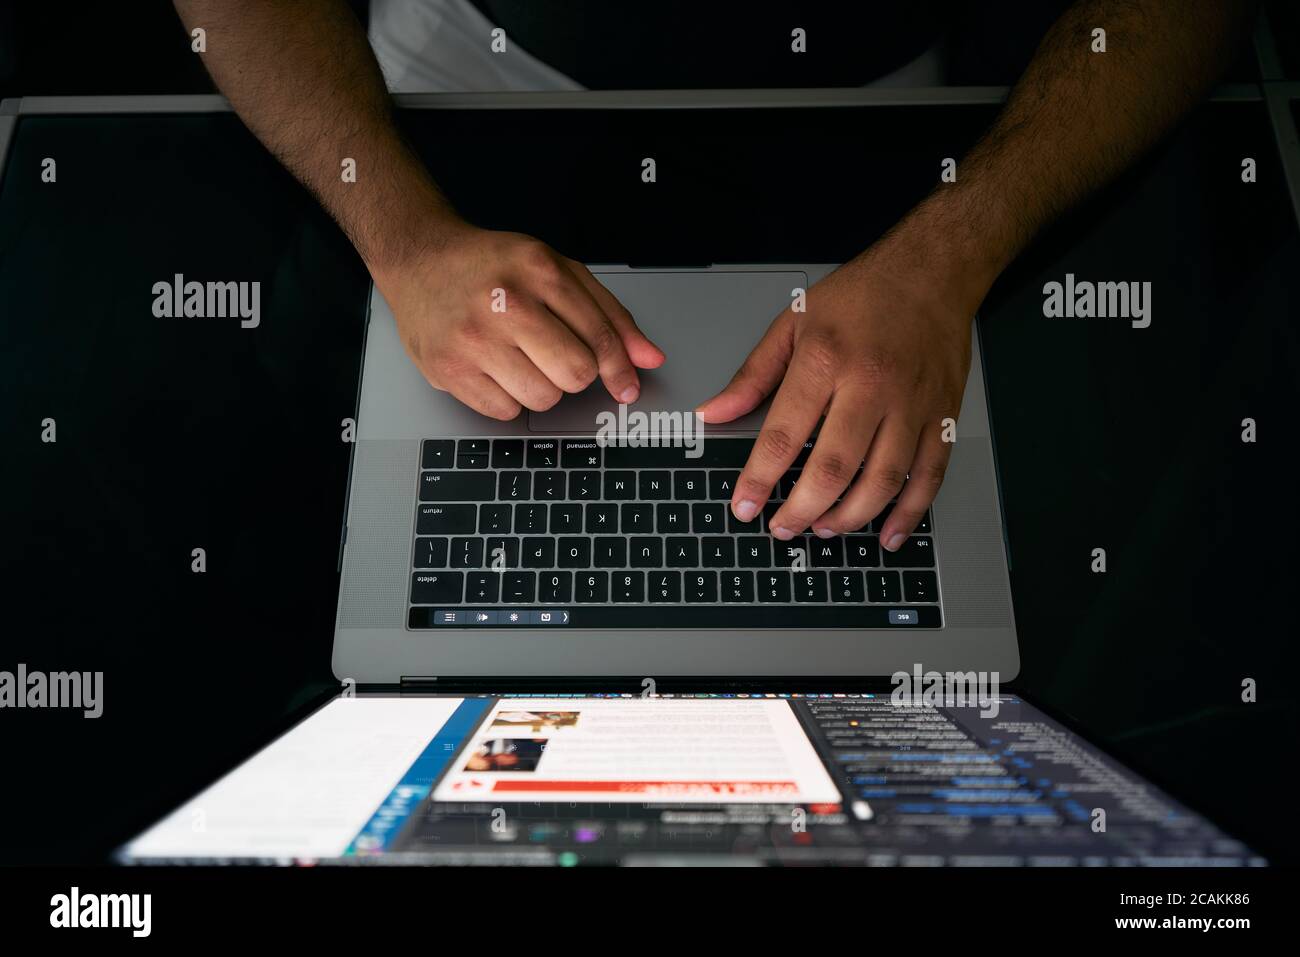 typing on laptop keyboard Stock Photo
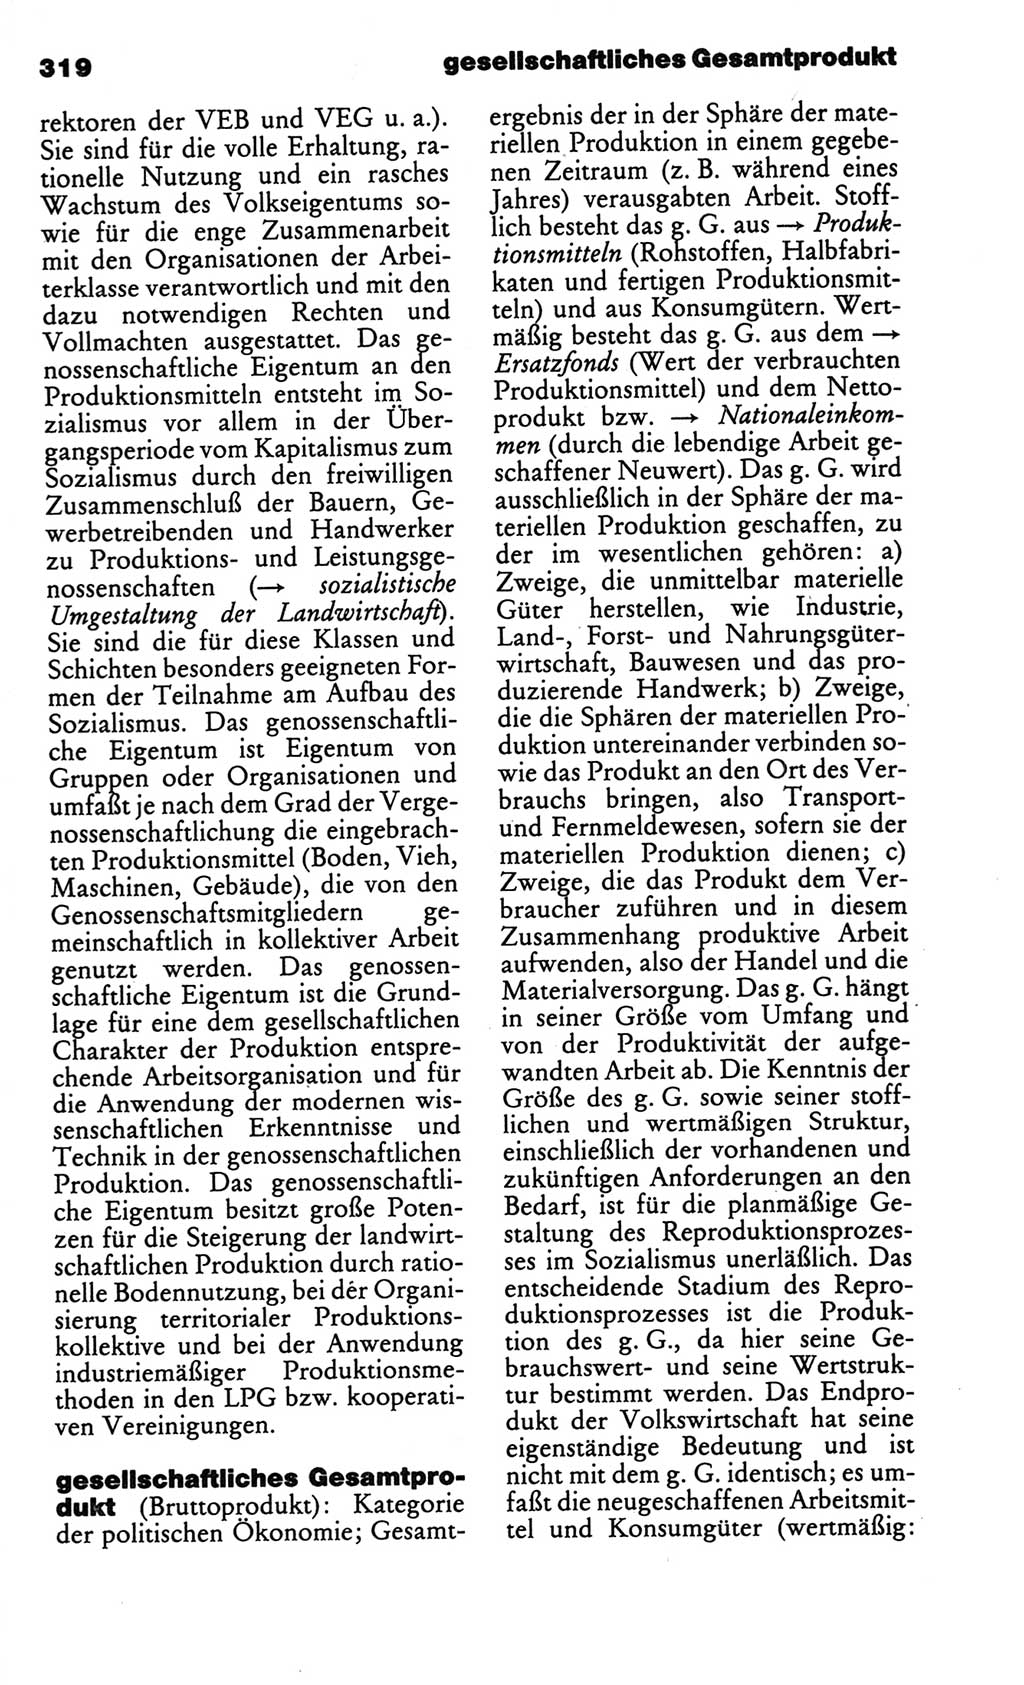 Kleines politisches Wörterbuch [Deutsche Demokratische Republik (DDR)] 1986, Seite 319 (Kl. pol. Wb. DDR 1986, S. 319)
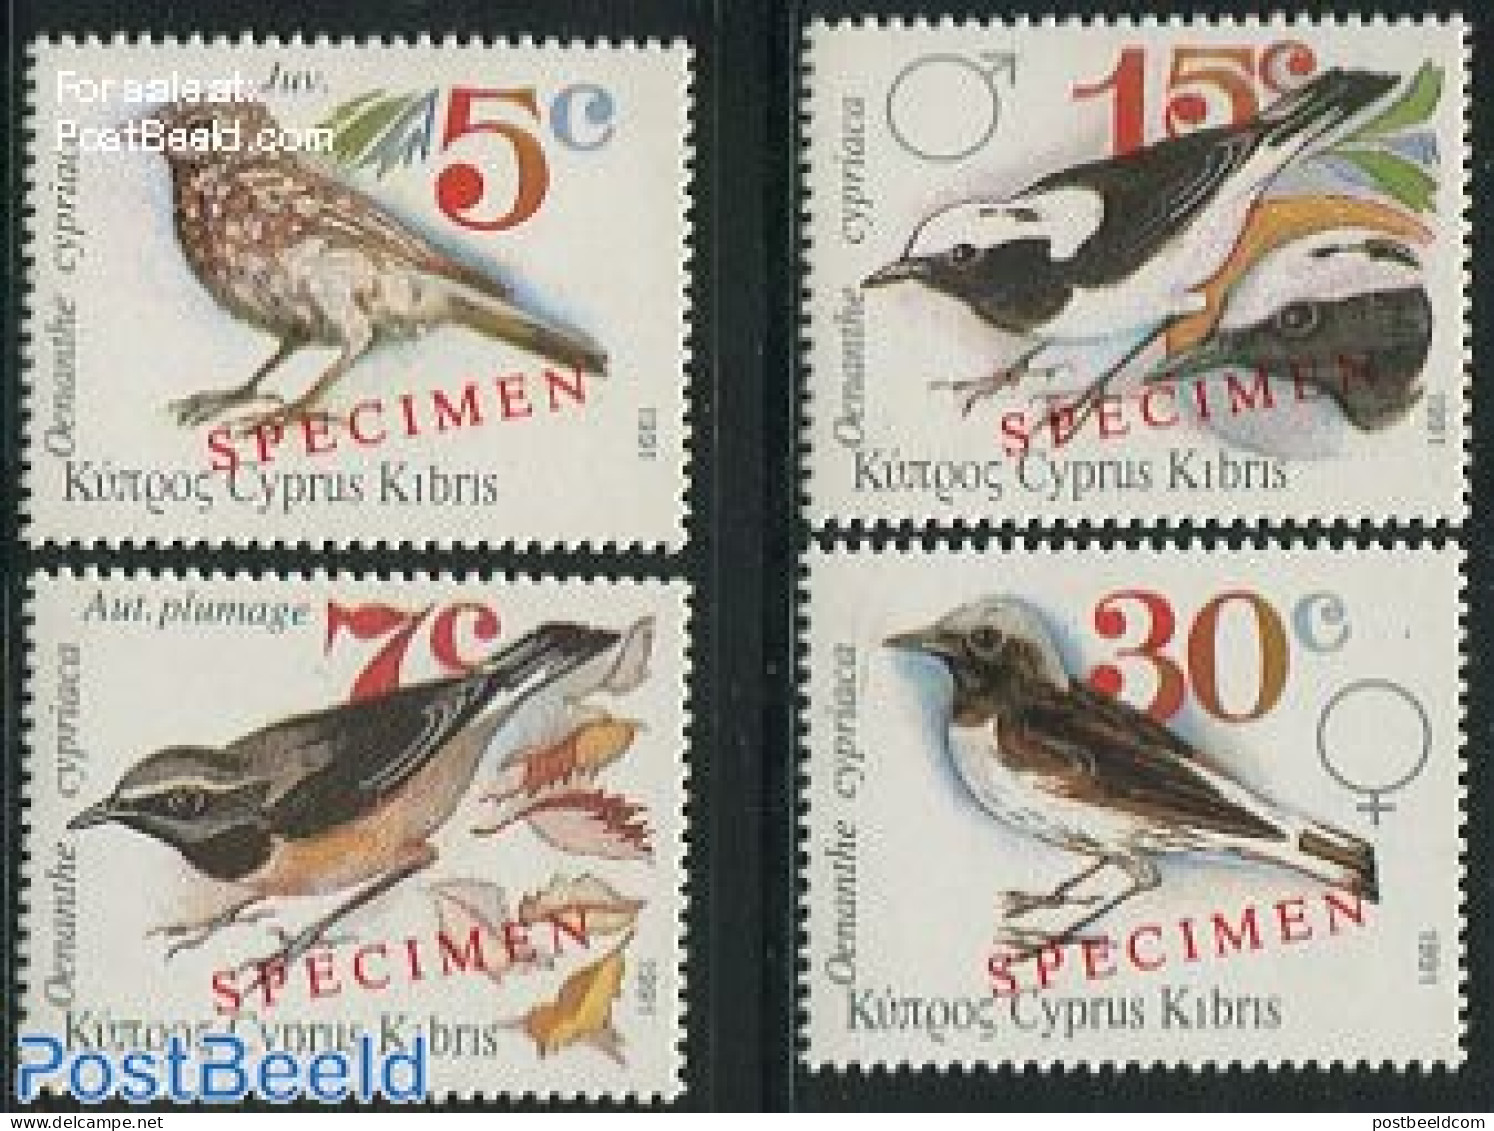 Cyprus 1991 Birds 4v SPECIMEN, Mint NH, Nature - Birds - Neufs

-*-

* [Work instruction]:
Every line above gets copied exactly; none of the pictures do.

* [Finished exercise]:
 typing on laptop keyboard Stock Photo
 Kleines politisches Wörterbuch [Deutsche Demokratische Republik (DDR)] 1986, Seite 319 (Kl. pol. Wb. DDR 1986, S. 319)
 Cyprus 1991 Birds 4v SPECIMEN, Mint NH, Nature - Birds - Neufs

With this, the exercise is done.